REQUIRED WORK — Of the lines in the material below, print only those from the one containing "きみくらカフェ(KIMIKU" to the one containing "傲邦電動單車(550押金670)", ends included, exactly as written and without pictures.

MATERIAL FOR THE TASK —

━━━━━━━━

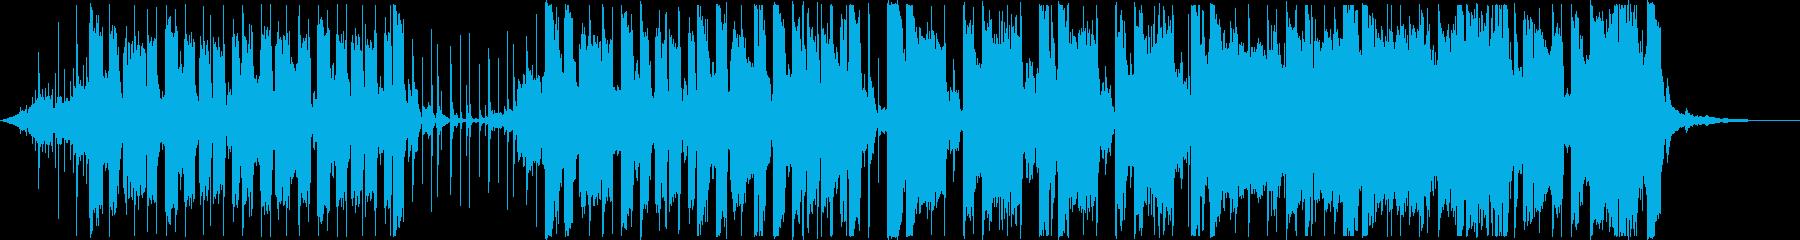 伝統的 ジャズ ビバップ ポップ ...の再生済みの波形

━━━━━━━━

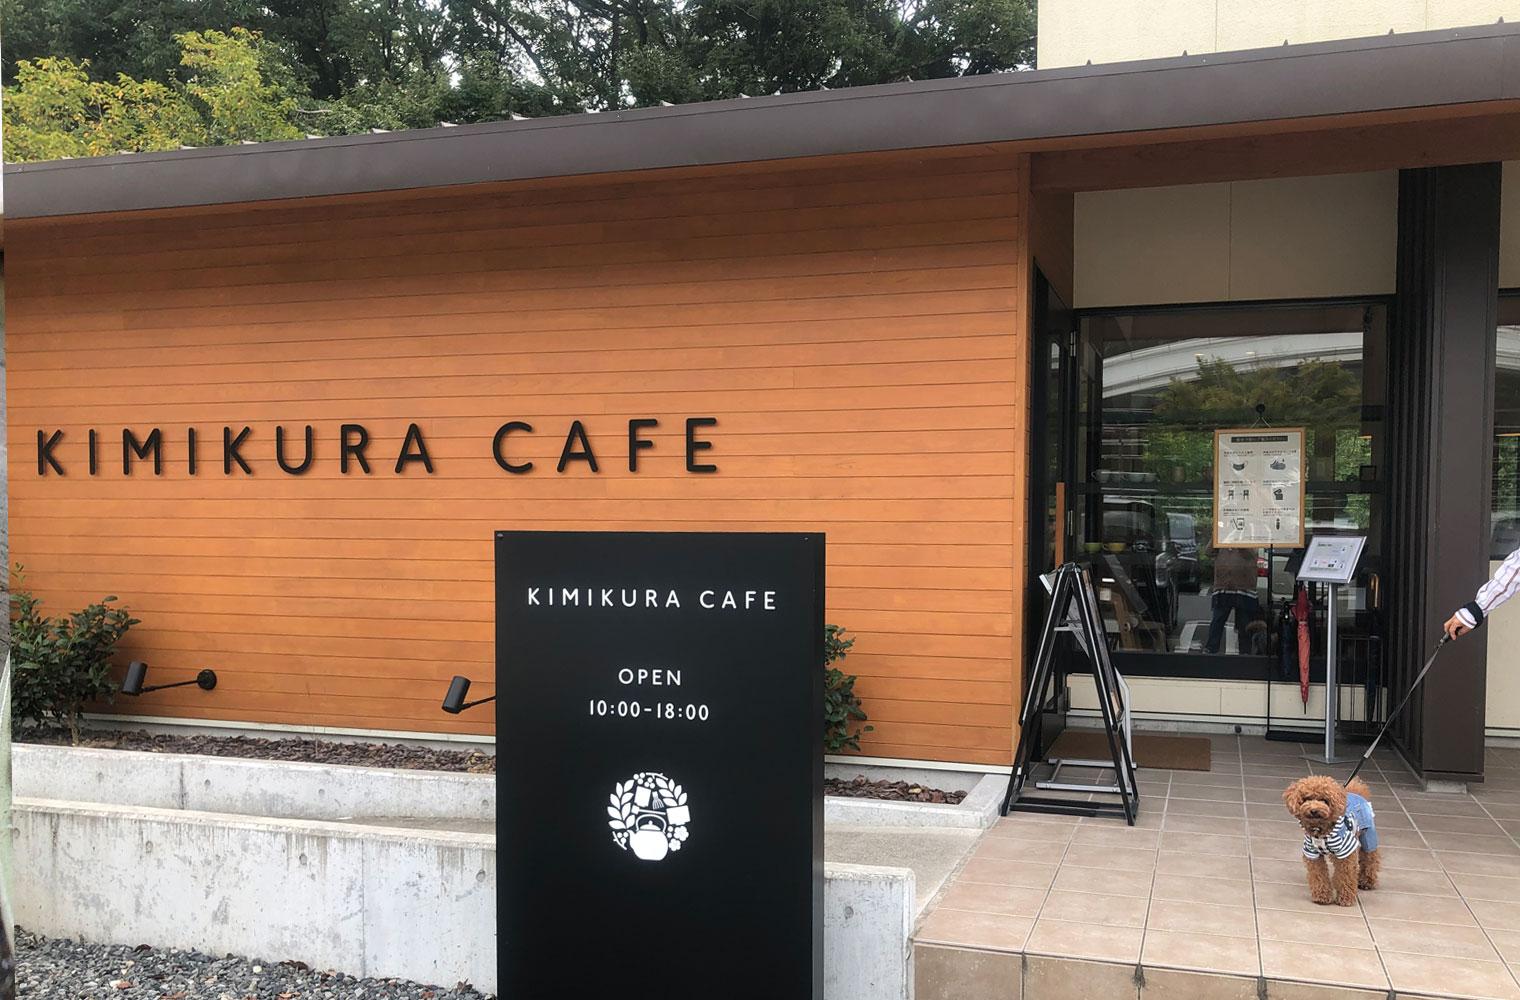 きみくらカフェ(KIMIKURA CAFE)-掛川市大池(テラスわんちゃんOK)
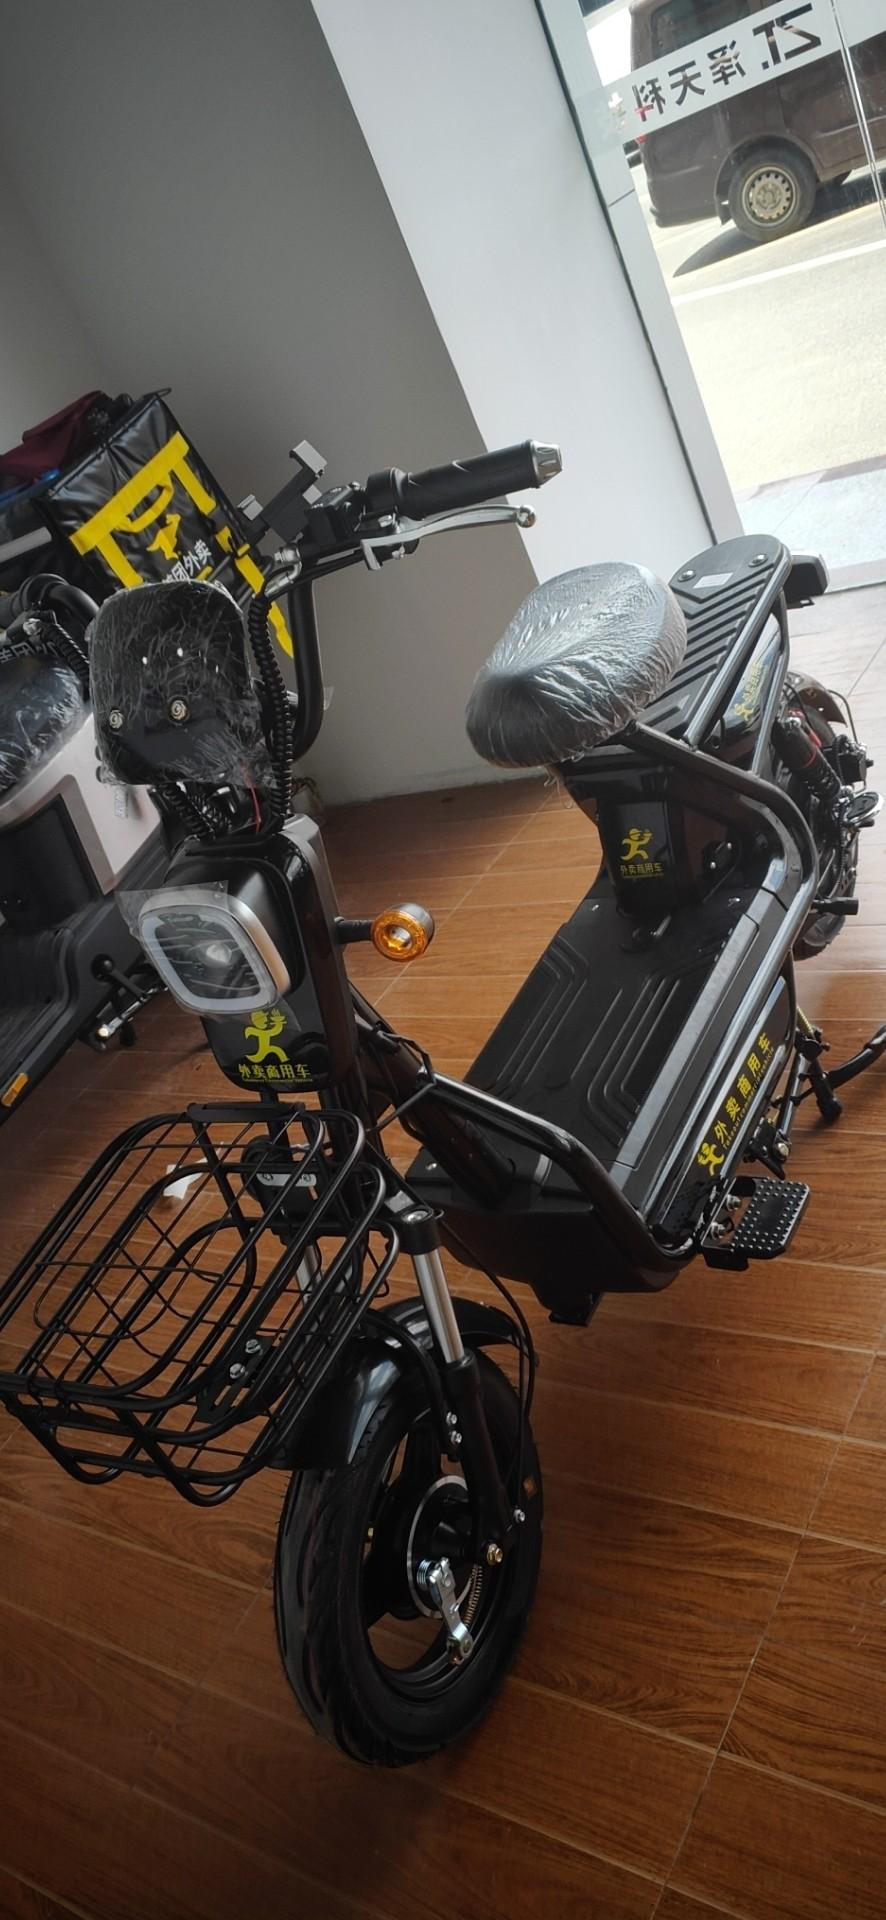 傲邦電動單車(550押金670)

━━━━━━━━

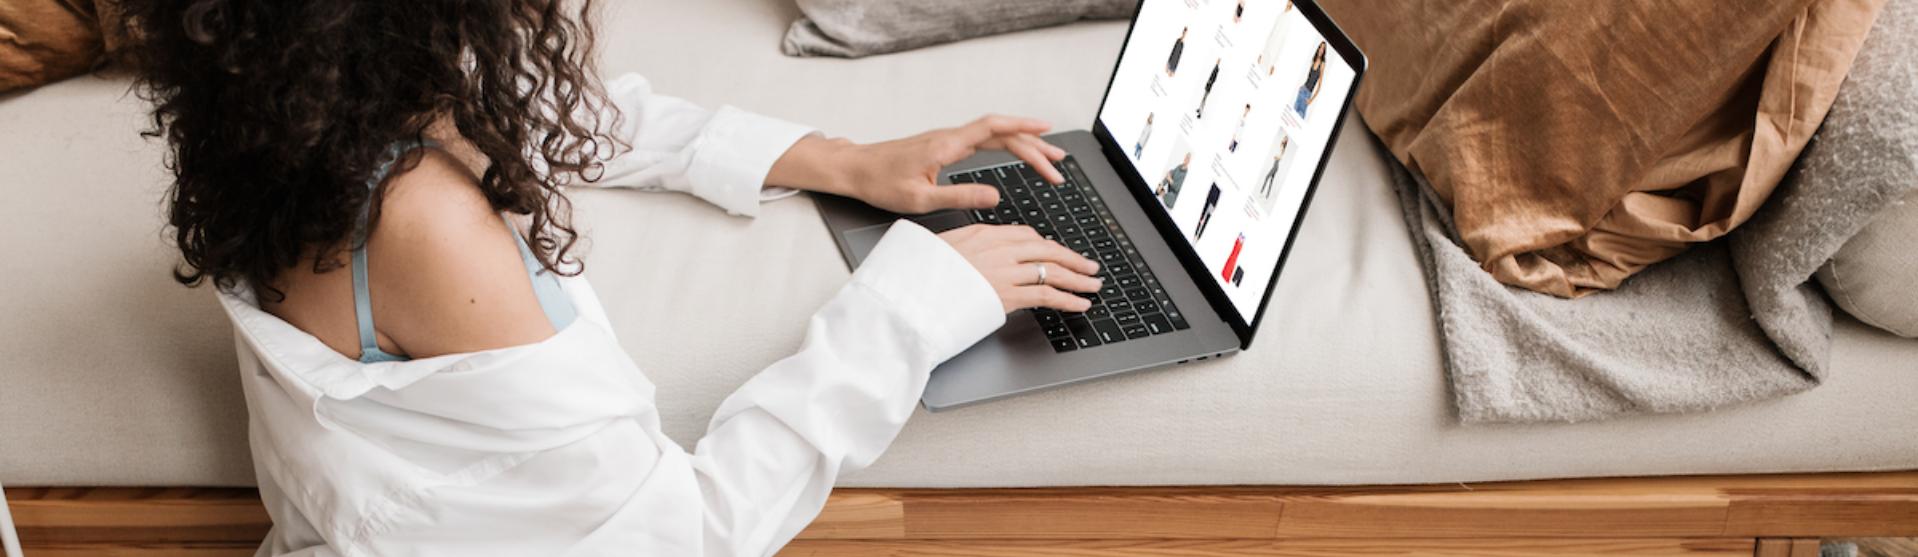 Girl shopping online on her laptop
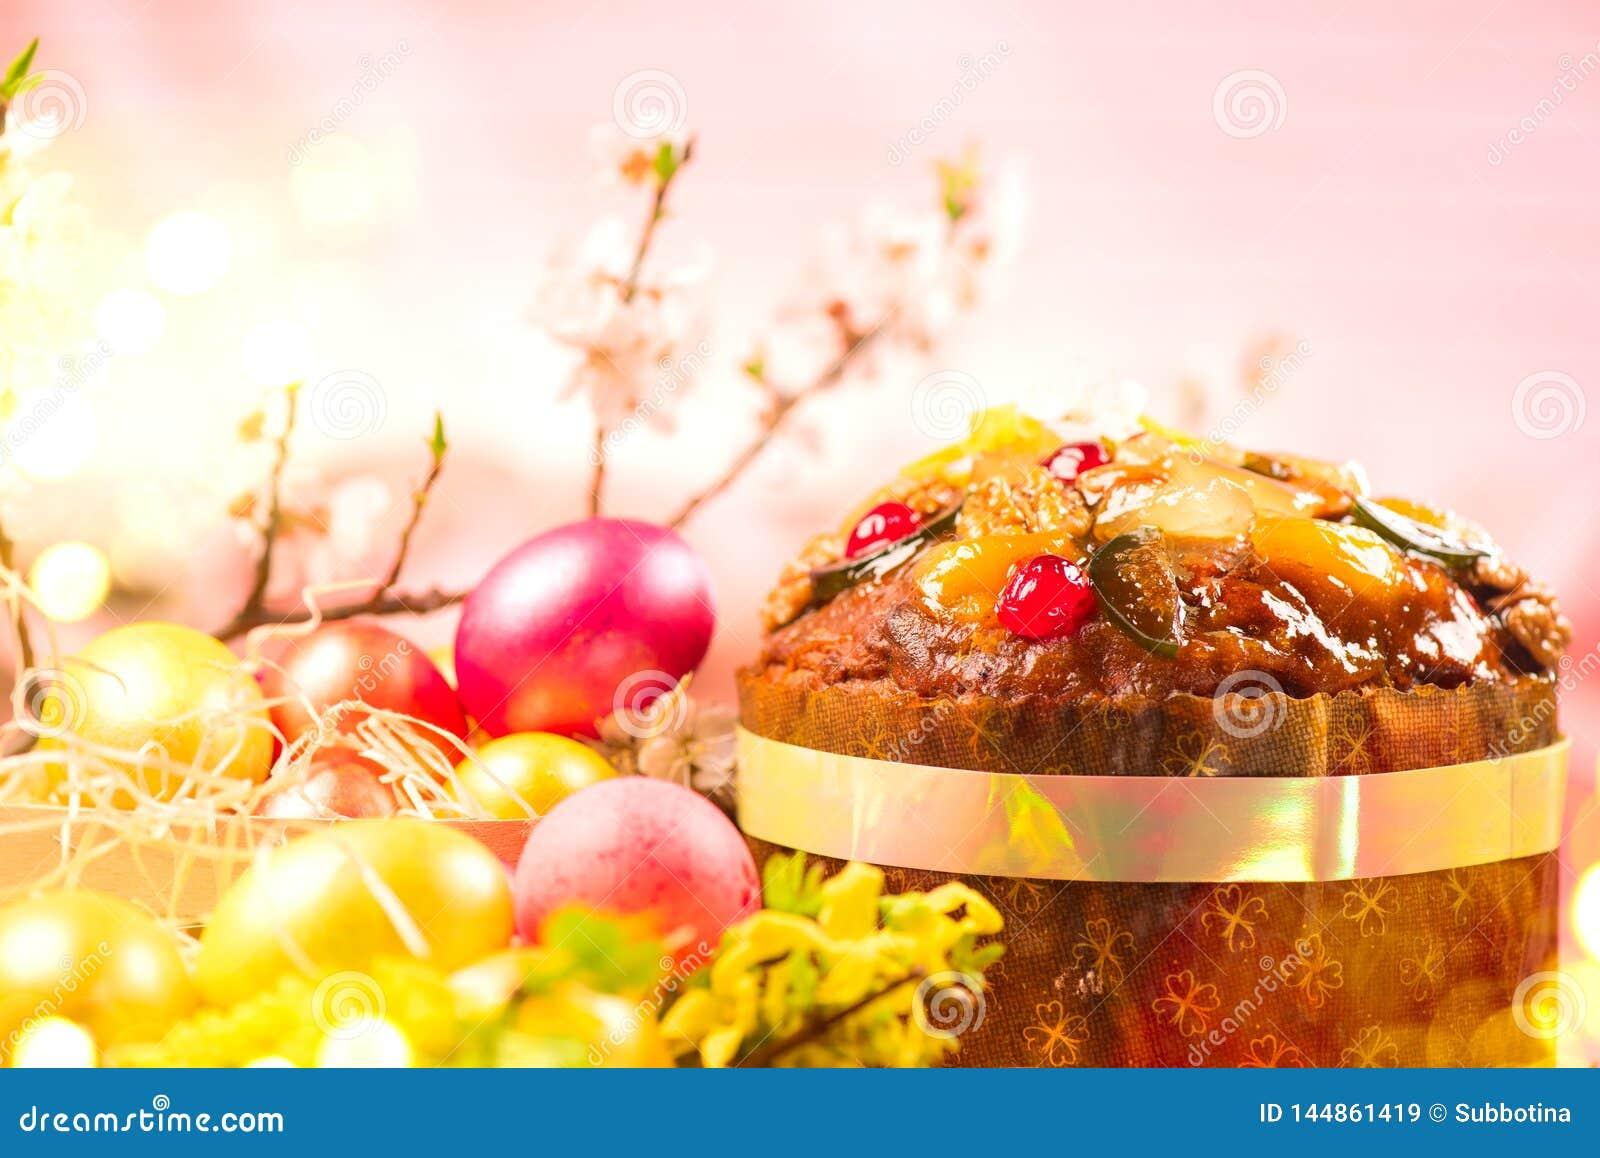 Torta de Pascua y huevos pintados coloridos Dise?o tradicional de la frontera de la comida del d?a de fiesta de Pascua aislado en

━━━━━━━━

RESPONSE AREA —
 きみくらカフェ(KIMIKURA CAFE)-掛川市大池(テラスわんちゃんOK)
 傲邦電動單車(550押金670)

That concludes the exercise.